Work to be completed: Go to the line containing "Dos casos activos" below; retype it and all following lines exactly, and leave out the pictures.

Provided material:
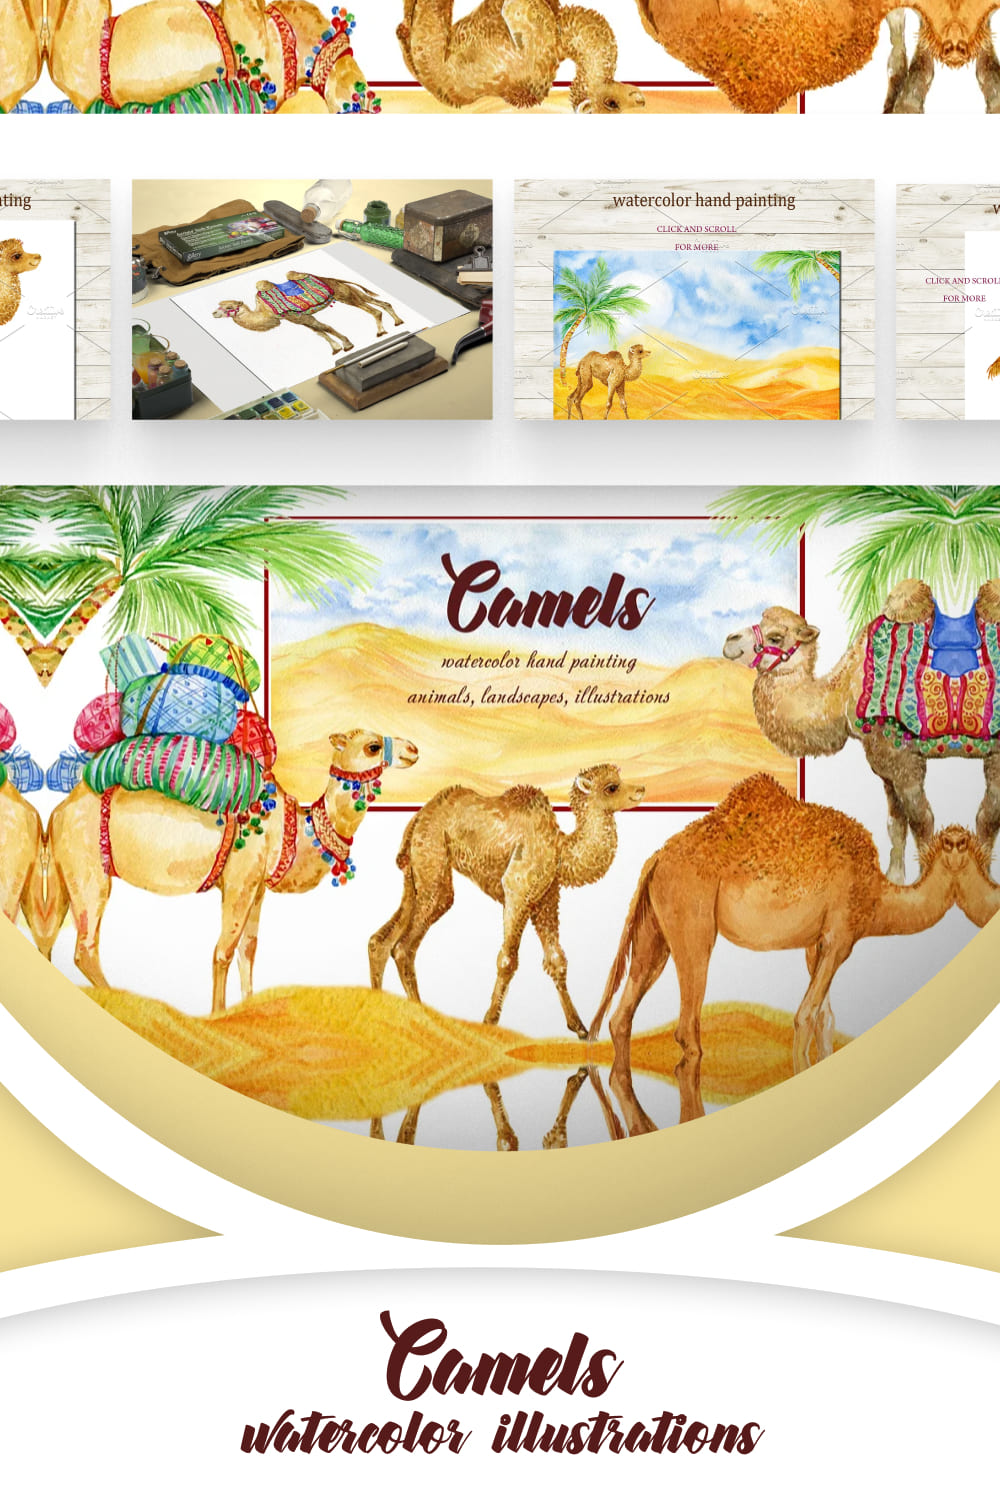 Life camels in a desert.
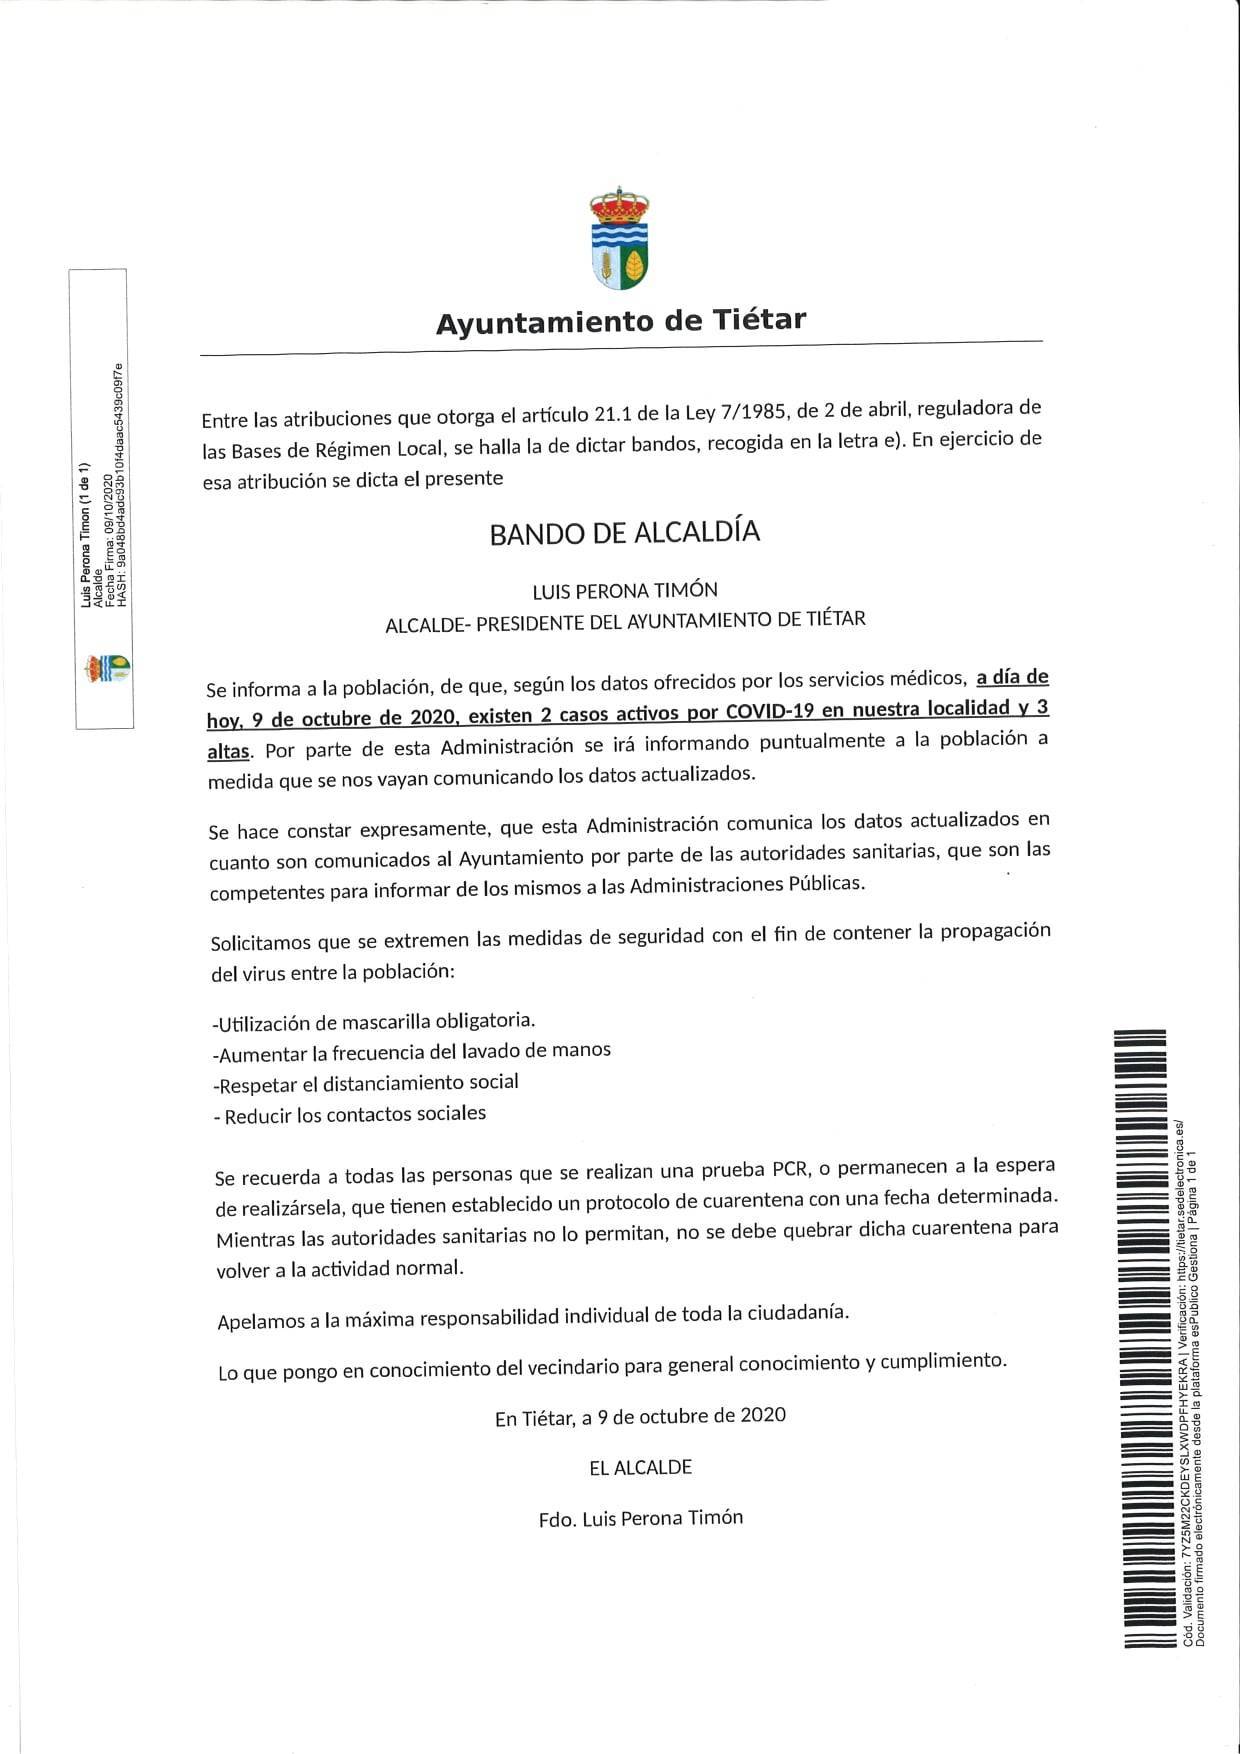 Dos casos activos de COVID-19 (octubre 2020) - Tiétar (Cáceres)
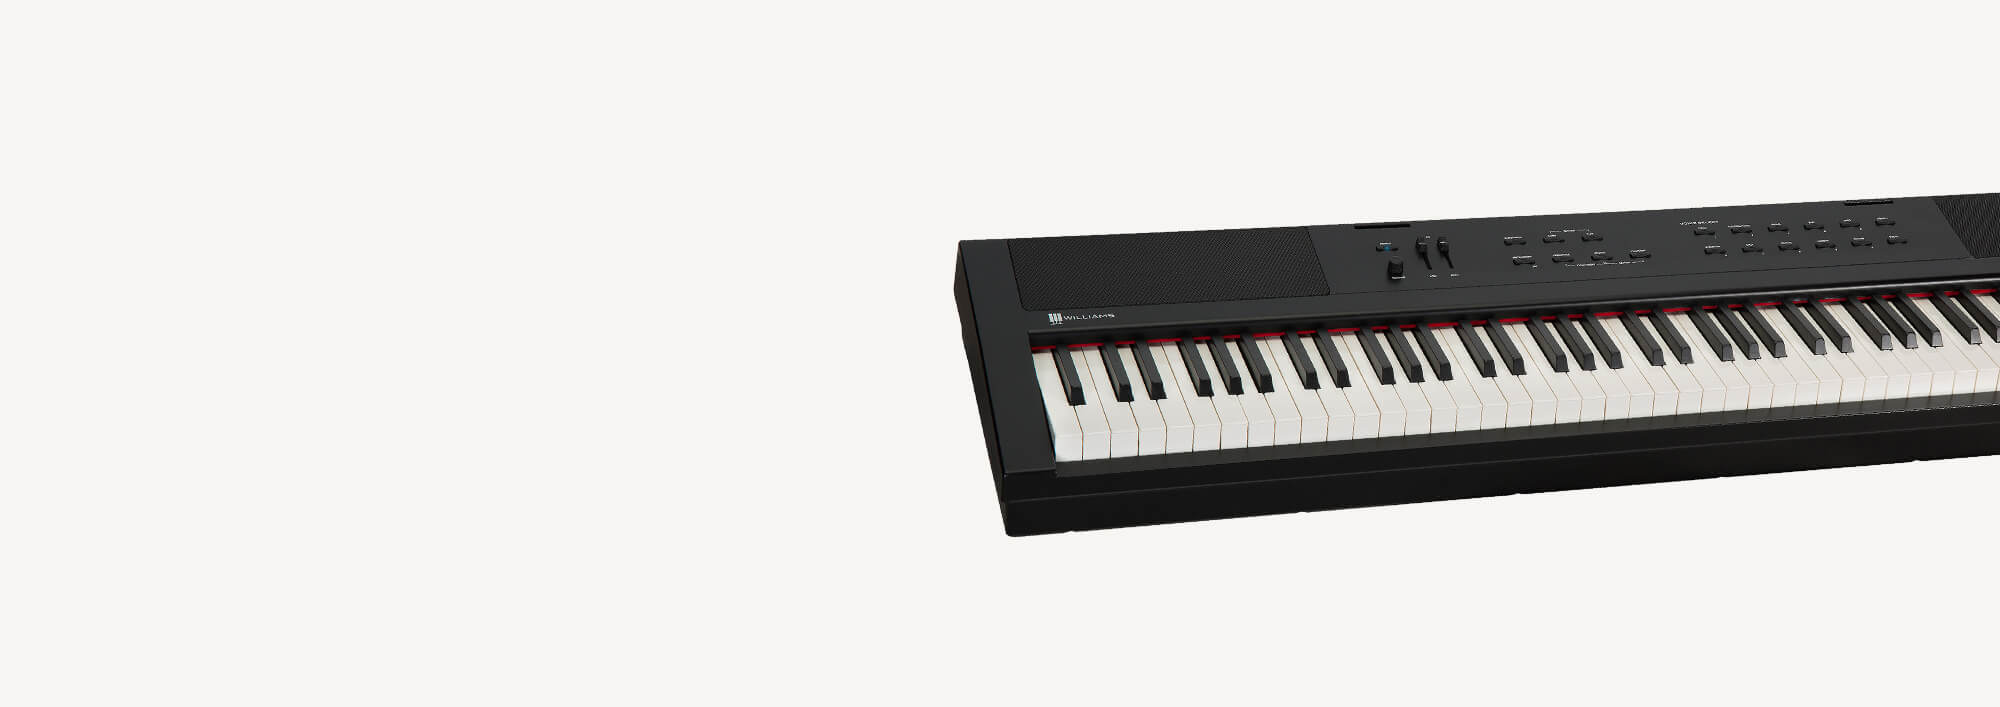 Williams Allegro 3 digital piano.

Solution to this task:
 Dos casos activos de COVID-19 (octubre 2020) - Tiétar (Cáceres)
 Williams Allegro 3 digital piano.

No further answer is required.